Today I was lucky enough to hear Greg Cohn walk us through all the goodies Yahoo offers developers. I'm a big fan and heavy user of their Geoplanet geocoding API, so I was stoked to hear they'd just launched a service to recognize placenames in arbitrary HTML and XML documents. Why is this so interesting? Look at what Just Landed have done by searching for the words "Just landed in" in Twitter messages and then geocoding and visualizing the placenames. Placemaker makes it a lot simpler to build tools like this with anything that can be expressed as XML or HTML. That covers web pages, REST APIs like Twitters and even RSS feeds, so you can see why I'm excited!
I've put together a simple example that shows off how to use it as a bash script, tested on OS X. You can download it as geturlplaces.zip here, or I've included the source below.
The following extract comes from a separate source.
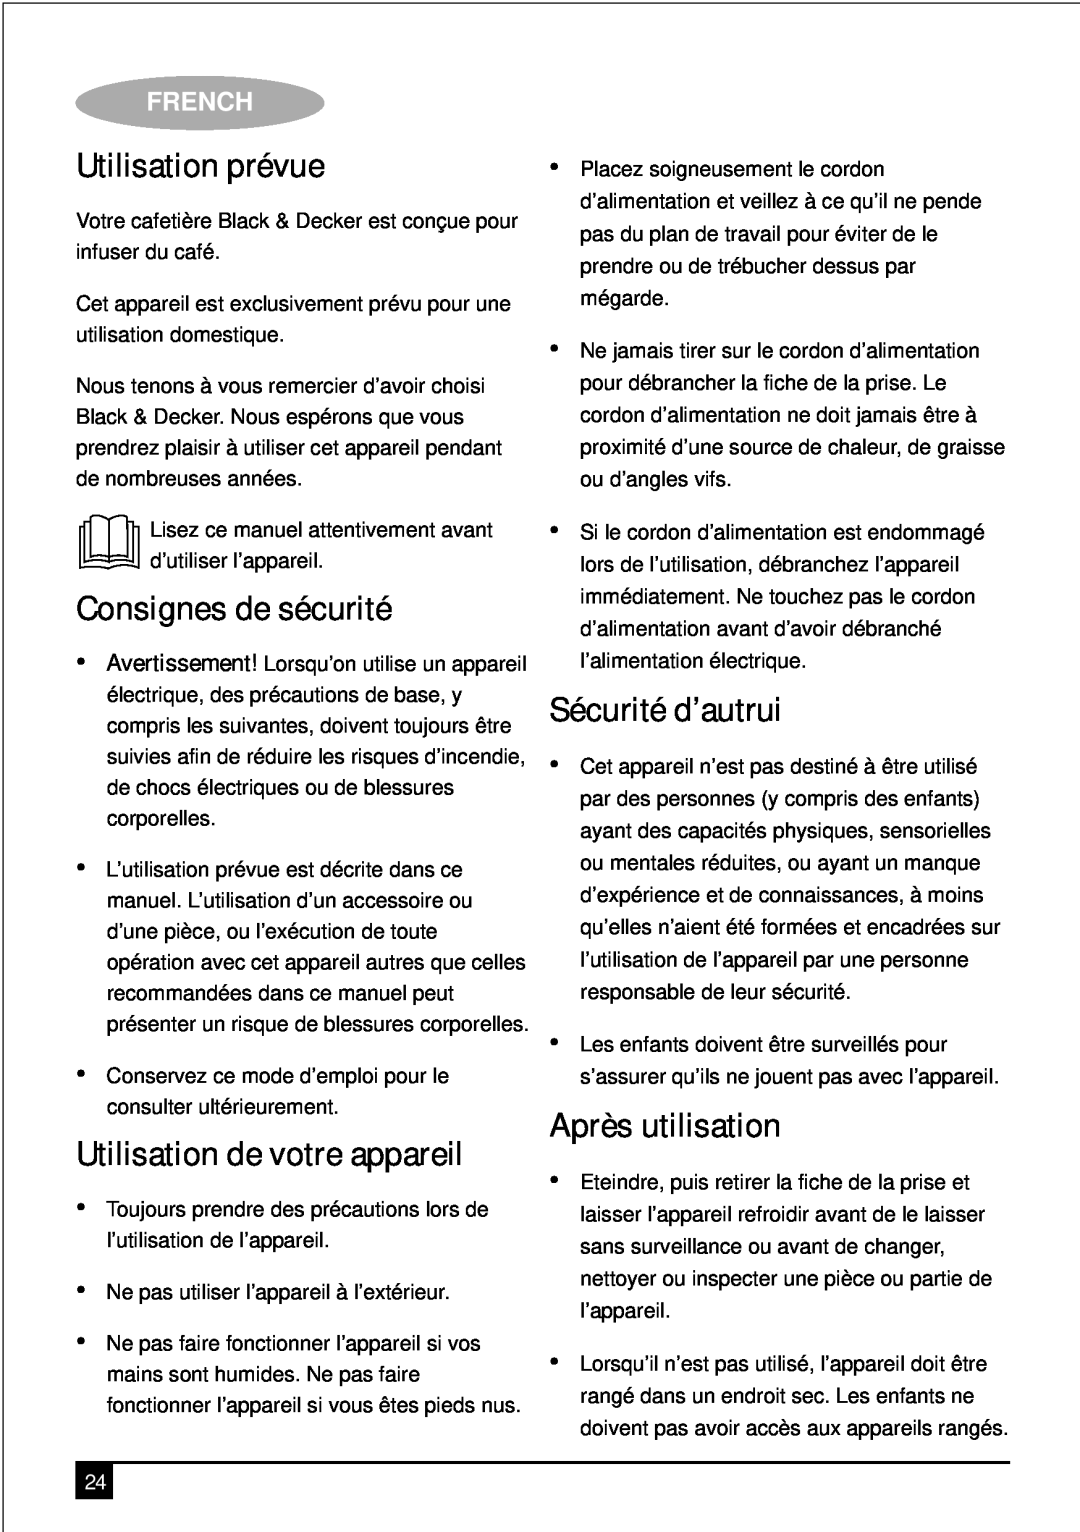 Black & Decker PRCM500 manual Utilisation prévue, Consignes de sécurité, Sécurité d’autrui, Après utilisation, French 
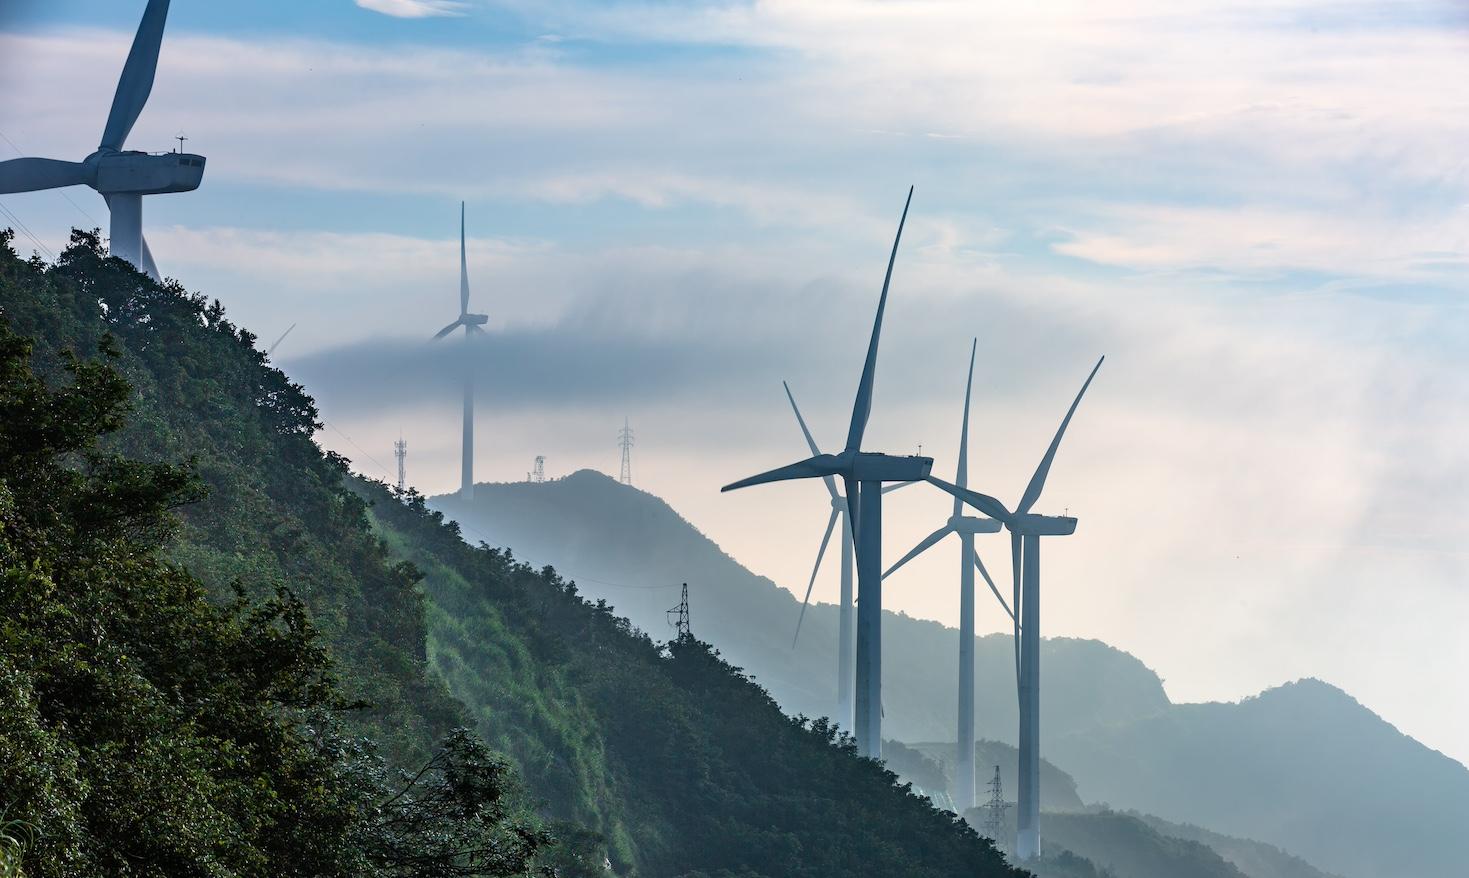 Heyuan Queyashan Wind Farm in Guangdong, China

To use it, pass a web page address as the first argument, eg ./geturlplaces http://news.bbc.co.uk/
For production code you'll want a real XML parser rather than the regexs used below.
#!/bin/bash
# enter your Yahoo geo app id here – to obtain one go to http://developer.yahoo.com/wsregapp/index.php and register
# (interestingly as of May 20th 2009 it works with a bogus id!)
APPID=XXXXX
if [ $# -ne 1 ]
then
echo "Extract a list of all the recognized place names from a web page using Yahoo's Placemaker API"
echo "Usage: `basename $0` <web page url>"
exit 65
fi
curl –silent -d "documentURL=$1&documentType=text/html&outputType=xml&appid=$APPID" "http://wherein.yahooapis.com/v1/document" | grep '<text><\!\[CDATA\[' | sed 's/<text><\!\[CDATA\[//; \
s/\]\]><\/text>//' | sort | uniq